How to protect yourself:

The best way to improve your human firewall, is to invest in Security Awareness Training and Testing for your staff. As nearly all social engineering attacks rely on human error to be successful, they can be avoided by providing additional cyber-hygiene guidelines to those in your practice. There are also tools you can use that provide a higher level of email security, which can safely detonate suspicious attachments in a virtual environment and provide additional protection against malware.

To further protect your firm from phishing emails, it is imperative to check your DMARC, SPF and DKIM controls are correctly configured. In doing so, you can greatly reduce the chance of your company being spoofed and the possibility of your staff, clients and supply chains being phished.

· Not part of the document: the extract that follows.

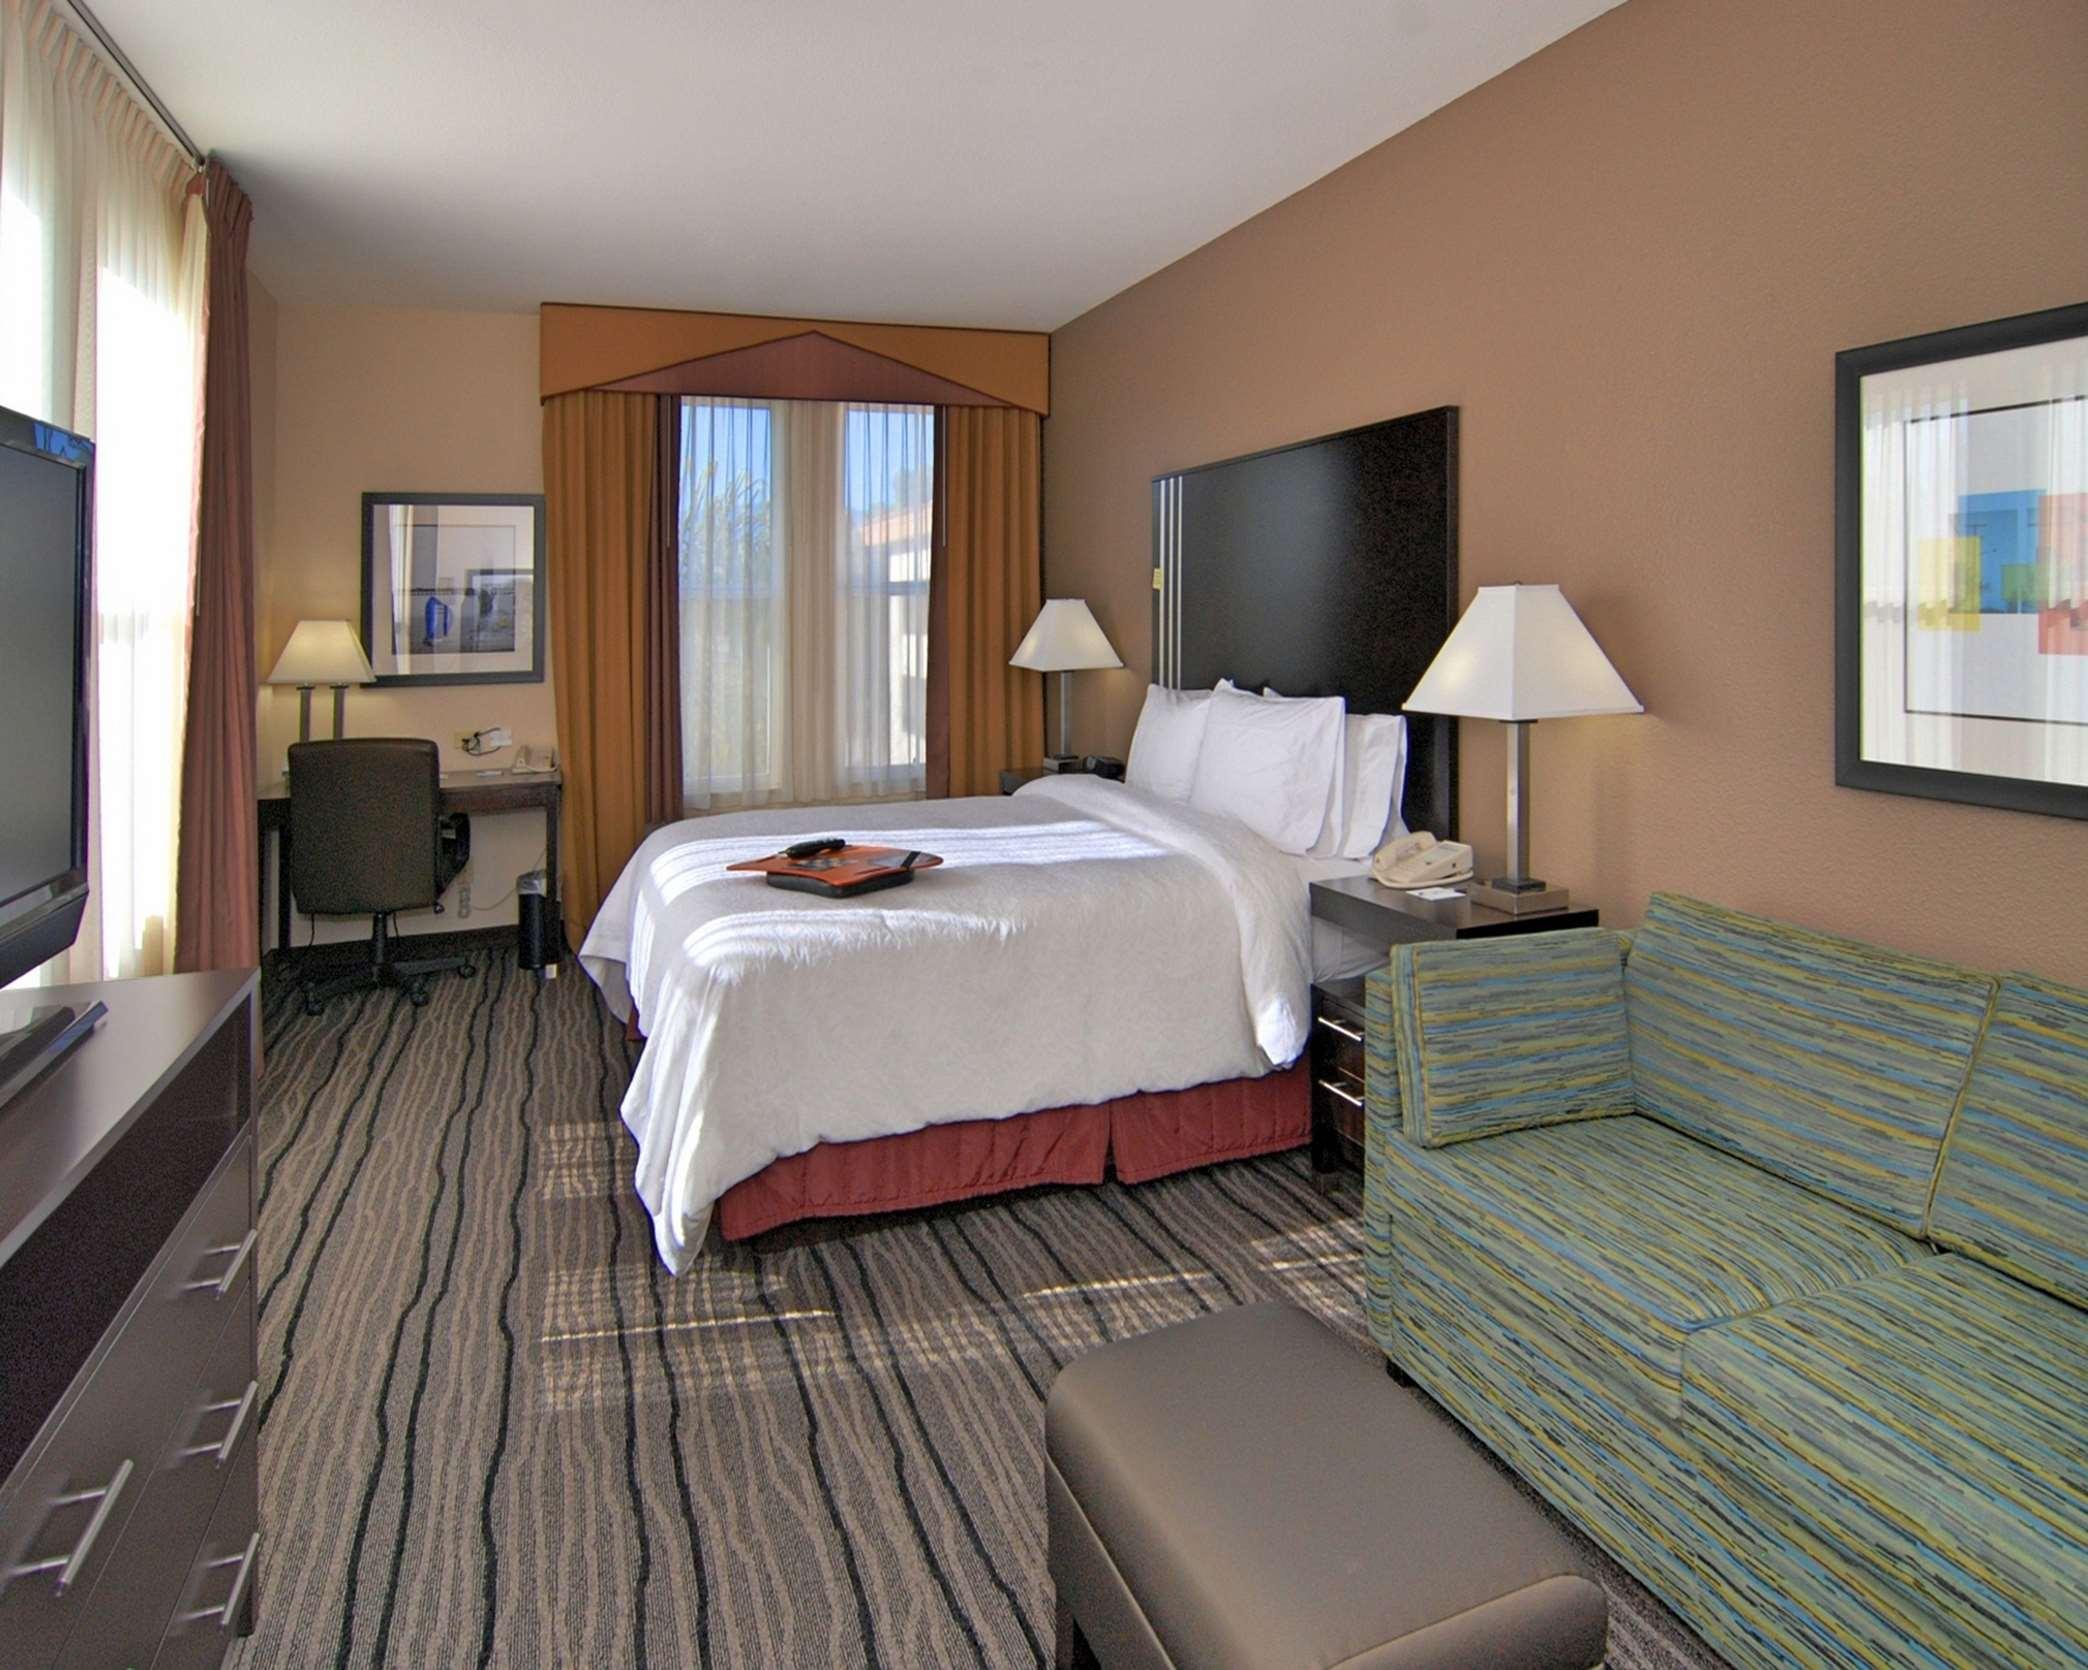 Hampton Inn & Suites Mountain View image 15

2, The continuation of hybrid working

When the pandemic hit, working practices in the legal sector changed forever. Despite being forced to work remotely, the by-product has created a more desirable model. However, this has not come without risk, forcing firms to be more reliant on IT and digital sharing of data, which is why it features as our second biggest risk in the sector. Recent reports show an increase in ransomware attacks, phishing and email modification fraud – as well as increased access to firms via third parties and providers.

How to protect yourself:

As hybrid working is here to stay, and we continue to share data, more robust security is needed to protect the integrity of endpoint devices (e.g., tablets, phones, laptops, etc). It is advisable to use an endpoint security solution that can detect threats in real-time and prevent them from infiltrating other parts of your network.

With many home workers relying on the use of Virtual Private Networks (VPNs) to access company data while remote, this can pose an additional risk and complexity to company security as the technology typically establishes connections before authenticating them. To remove unnecessary risk, we recommend implementing Zero Trust Network Access (ZTNA), which verifies all access requests based on a strict, pre-defined policy. This ensures secure and contextual access is granted only to sanctioned data for the required period of time, rendering everything else invisible. This privilege can also be extended to third parties who might need access to the network to further eliminate risk.

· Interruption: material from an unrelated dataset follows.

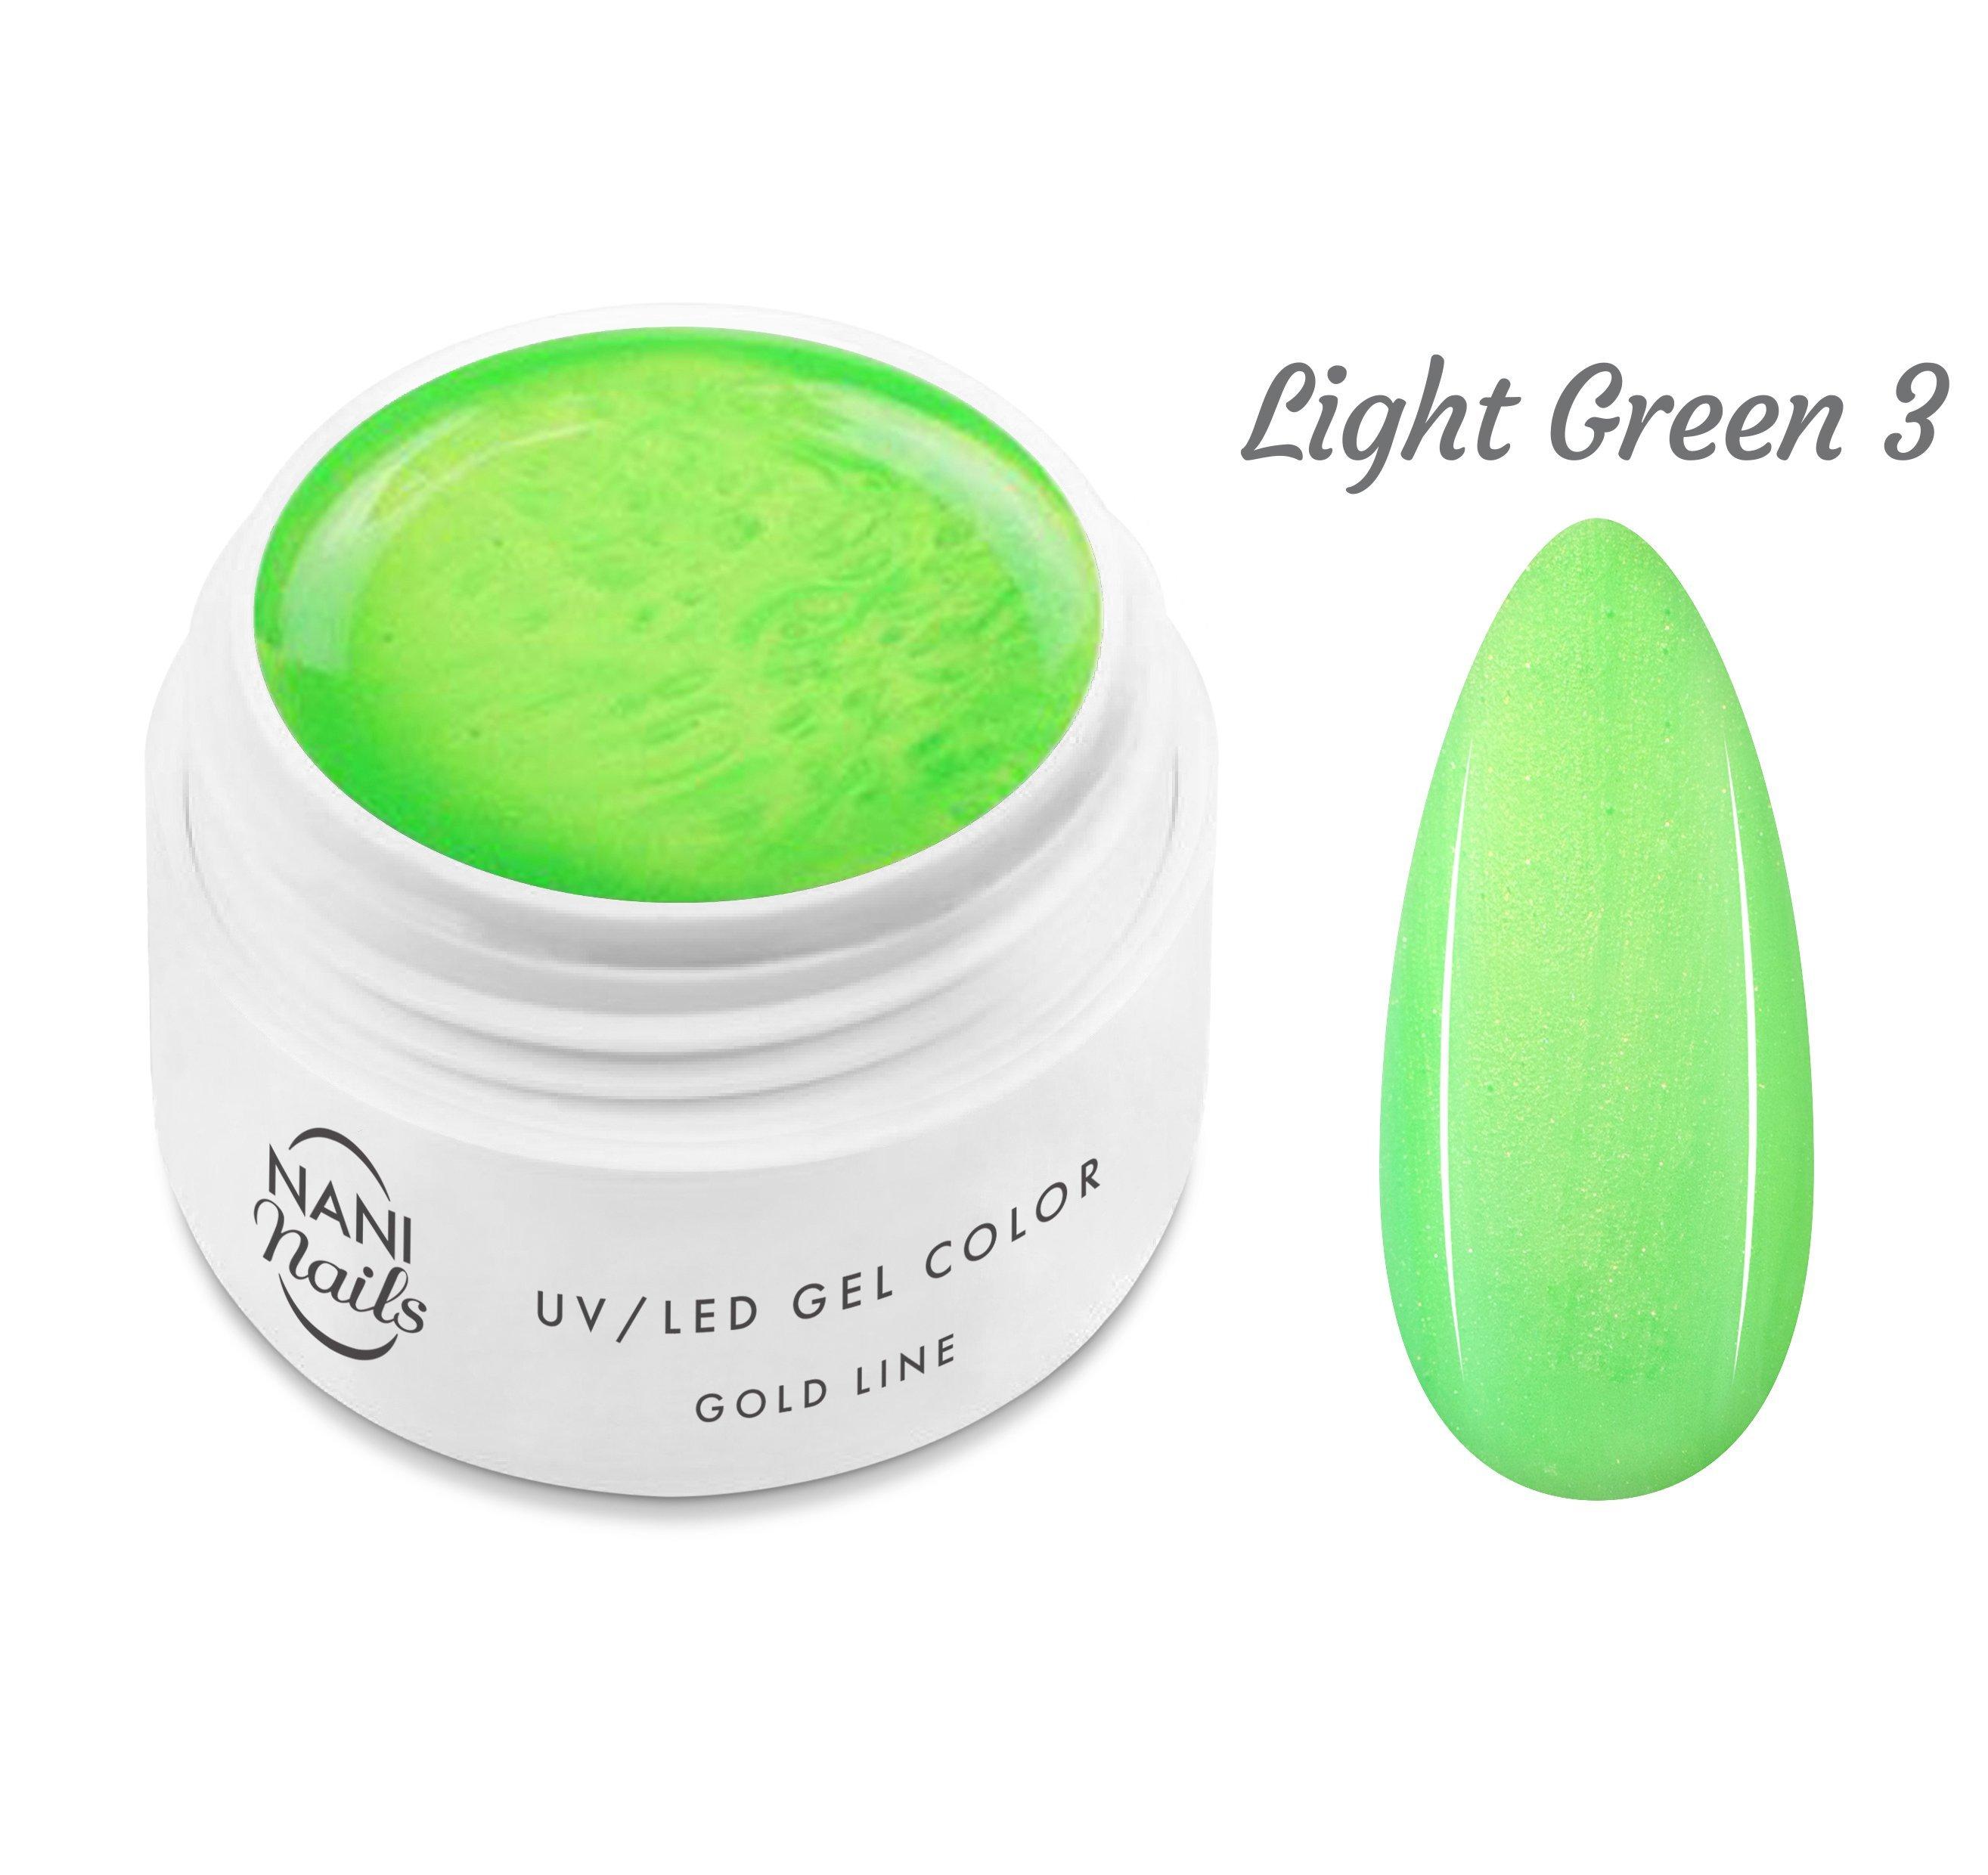 NANI UV gél Gold Line 5 ml - Light Green

3, An unprepared cyber-response

The third and final threat on our list isn’t technically a threat in its own right. However, with the government urging solicitors to help stem the rising tide of ransomware payments, it is vital to ensure you have the right preparations and response in place should you unfortunately fall victim to a cyberattack. Two out of three CISOs have admitted feeling unprepared to cope with an attack, and a massive 75% of businesses were revealed to have paid the ransom demanded in 2021 – suggesting there is some room for improvement in this area.

How to protect yourself:

Make a plan that can be quickly rolled out in the event of a cyber-incident. Create easily accessible backup files and a detailed response guide that can be followed, including what to shutdown to prevent further spread and any contact that needs to be made with external parties.

Developing a relationship with a remediation or managed services partner prior to an event can save you valuable time in your response. Many of these attacks require specialist knowledge and capabilities to resolve and being able to access this expertise as soon as it is needed is key to being prepared. By establishing a remediation partner, you can provide additional support to your in-house team, through direct and immediate contact with cybersecurity leaders.

The bottom line

While the adoption of new technologies and increased digitalisation is something that should be celebrated, the additional risks that it brings shouldn’t be ignored. By implementing higher levels of endpoint protection via Endpoint Detection and Response (EDR) and more secure access to your network, alongside additional training for your team, your firm can strengthen its cybersecurity posture to align with a digital future.